Research has shown that some populations demonstrate a higher predisposition to developing certain diseases or disorders than others. Genetic variants associated with physical disorders, diseases, and behavioral traits and causative variants will be found in all populations with differing frequencies. Higher or lower frequencies that contribute to observed health patterns, particularly those that can be viewed negatively, can lead to genetic stereotypes and stigmatization of a population group.

Return of Individual Research Results

Return of individual research results to participants from research using data shared through NIH-repositories is expected to be an extremely rare occurrence. Nonetheless, the return of results must be carefully considered because the information can have a psychological impact (i.e. stress and anxiety) as well as implications for the participant’s health and well-being. While clinically valid and meaningful results can have a positive impact on an individual’s health, harms can occur if un-validated research results are provided back to participants or used for medical decision-making.

Secondary investigators will not be able to return results directly to participants because they will not have access to the identities of these individuals. If a secondary investigator does generate clinically valid results of immediate clinical significance, they can only facilitate their return by contacting the contributing investigator who holds the key (if still maintained) to the code that identifies participants.

When links to identifying information are retained, individual participants should be given the option of choosing or declining to receive results. If participants are given the option of receiving results, researchers should be aware that results may be returned years after they have submitted the study data to NIH.

De-identification of Data is Consistent with GDS Policy

De-identification Requirements:

    • Data submitted to NIH-designated repositories must be de-identified and coded using a random, unique code.
    • The 18 identifiers enumerated in the HIPAA Privacy Rule and in the SUPPLEMENT Genomic Data Sharing must be removed.
    • Data should be de-identified such that the identities of the individuals from whom the data were collected cannot be readily ascertained or otherwise associated with the data by the NIH repository staff or secondary data users.

Informed Consent

Consent Requirements and Expectations for Genomic Data Sharing

Use the worksheet Genomic Data Sharing Certification to identify the applicable consent requirements for genomic data sharing and to determine whether the requirements are met. If the consent requirements cannot be met, the data will not qualify for GDS certification.

  • When it is anticipated that GDS certification requirements cannot be met: investigators should state this in their DMS Plan and indicate what data, if any, can be shared and how. In some instances, the funding NIH Institute, Center, or Office (ICO) may need to determine whether to grant an exception to the data submission expectation under the GDS policy.
  • When genomic data from specimens created or collected after January 25, 2015 (effective date of GDS policy), lack consent for research use and data sharing: if there are compelling scientific reasons that necessitate the use of the genomic data, investigators should provide a justification in the funding request for their use. The funding NIH funding institute or center will review the justification and decide whether to make an exception to the consent requirement.
  • When the research is funded or supported by NHGRI and consent expectations cannot be met: NHGRI will grant exceptions to the consent expectation on a case-by-case basis. Information about how to request an exception can be found in the NHGRI GDS Policy FAQs.

Studies Involving Minors

If the study involves children, the IRB must consider the appropriateness of the continued maintenance and sharing of the data when the child reaches the legal age of consent.

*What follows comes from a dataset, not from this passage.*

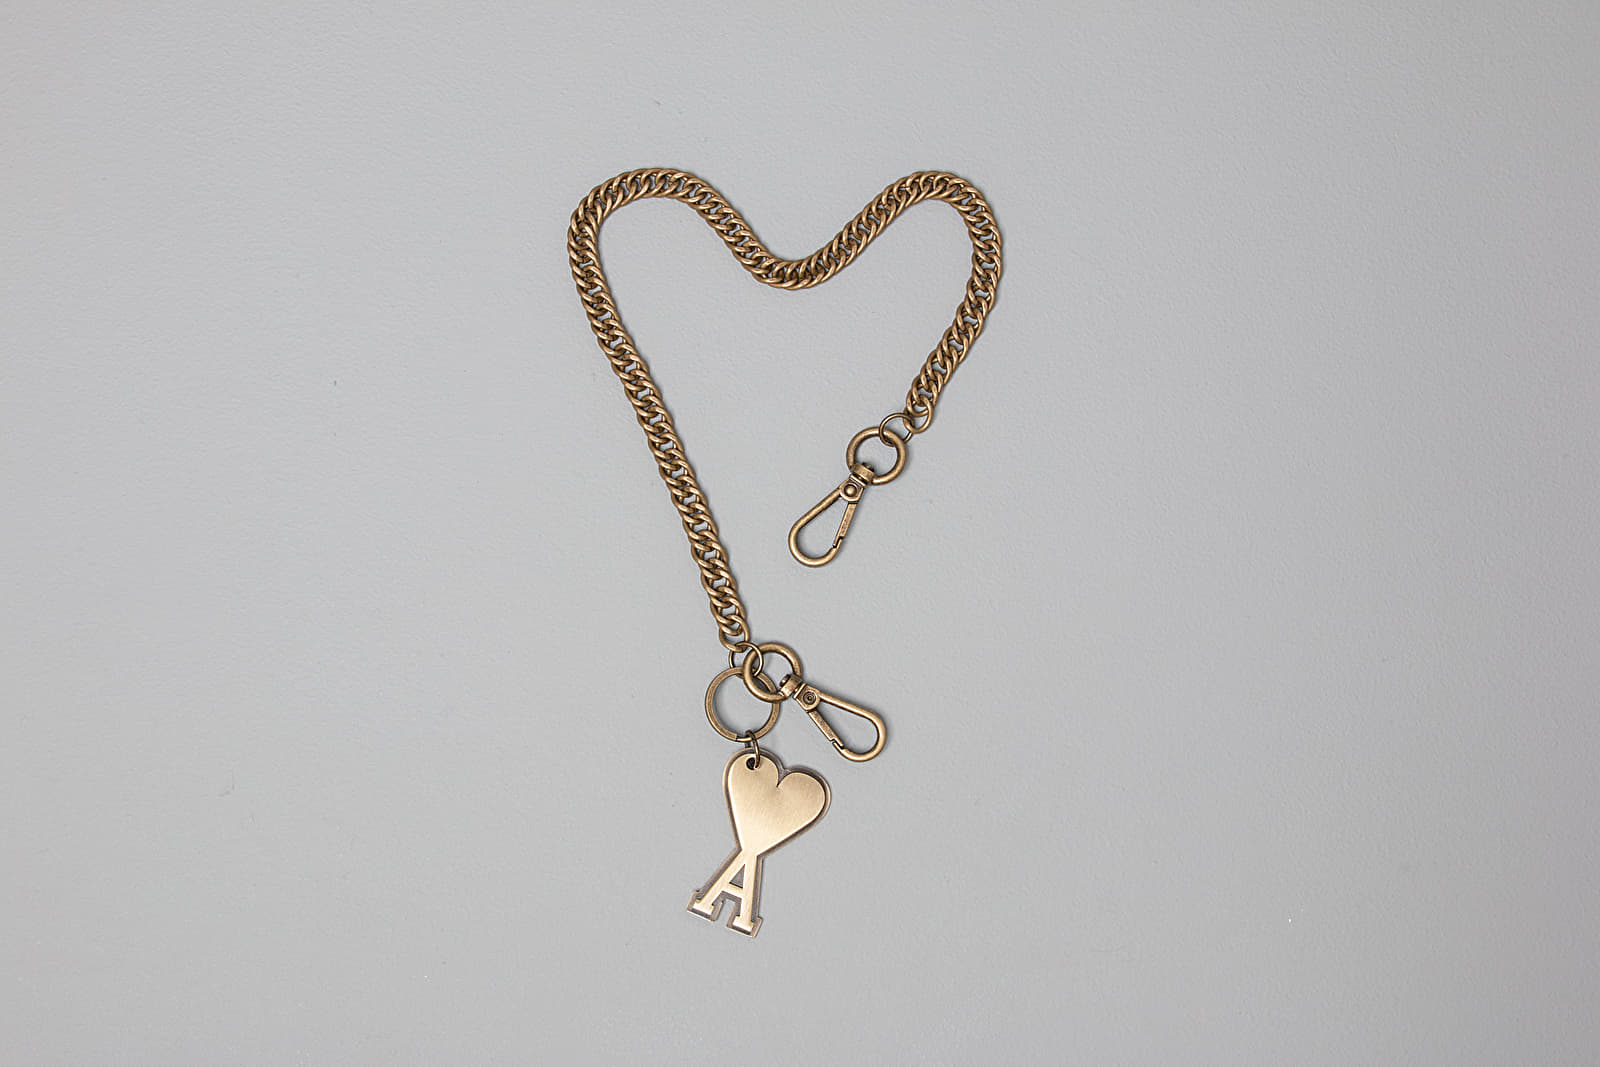 AMI Alexandre Mattiussi Chain De Coeur Key Ring And Chain

In particular, it is important to consider whether consent should be obtained from the now-adult subject. When a link to identifiers is maintained, researchers must provide the subject with the opportunity to withdraw data from the NIH-repositories, unless the IRB approves a waiver of the consent requirement for the now-adult subjects. See GUIDANCE Consent Protected and Vulnerable Populations for information about consent waivers.

Studies Involving Consent by Legally Authorized Representative (LAR)

If the study proposes to obtain consent from legally authorized representatives, the IRB must consider the issues related to LAR consent as described in GUIDANCE Consent Diminished or Fluctuating Consent Capacity and Legally Authorized Representative (LAR).

In particular, it is important to consider reconsent of subjects who regain the capacity to consent for themselves. When a link to identifiers is maintained, researchers must obtain consent from the subjects who regain the capacity to consent and provide the subject with the opportunity to withdraw data from the NIH-repositories unless the IRB approves a waiver of the consent requirement.

Data Use Limitations

Consistency With Informed Consent

Through the Controlled Access process for providing data access to secondary users, mechanisms are in place to minimize the likelihood of usage of genomic data in ways that are inconsistent with the original informed consent. The IRB is expected to: (1) have reviewed all proposed submissions of data to NIH-designated repositories to ensure that the submission and subsequent sharing for research purposes are consistent with the informed consent of the study participants; (2) certify the appropriate research uses of the data; and (3) identify the specific data use limitations.

The IRB accomplishes this by reviewing the terms of the consent form and documenting any limitations to use of the data, as expressed in the consent form, in the Institutional Certification.

For example, if the consent form includes the possibility of data sharing but states that the data will only be used for the study or a particular disease, a disease specific data use limitation should be documented in the Institutional Certification unless subjects are re-consented for broader use of the data.

Four Main Categories of Limitations. (see NIH reference)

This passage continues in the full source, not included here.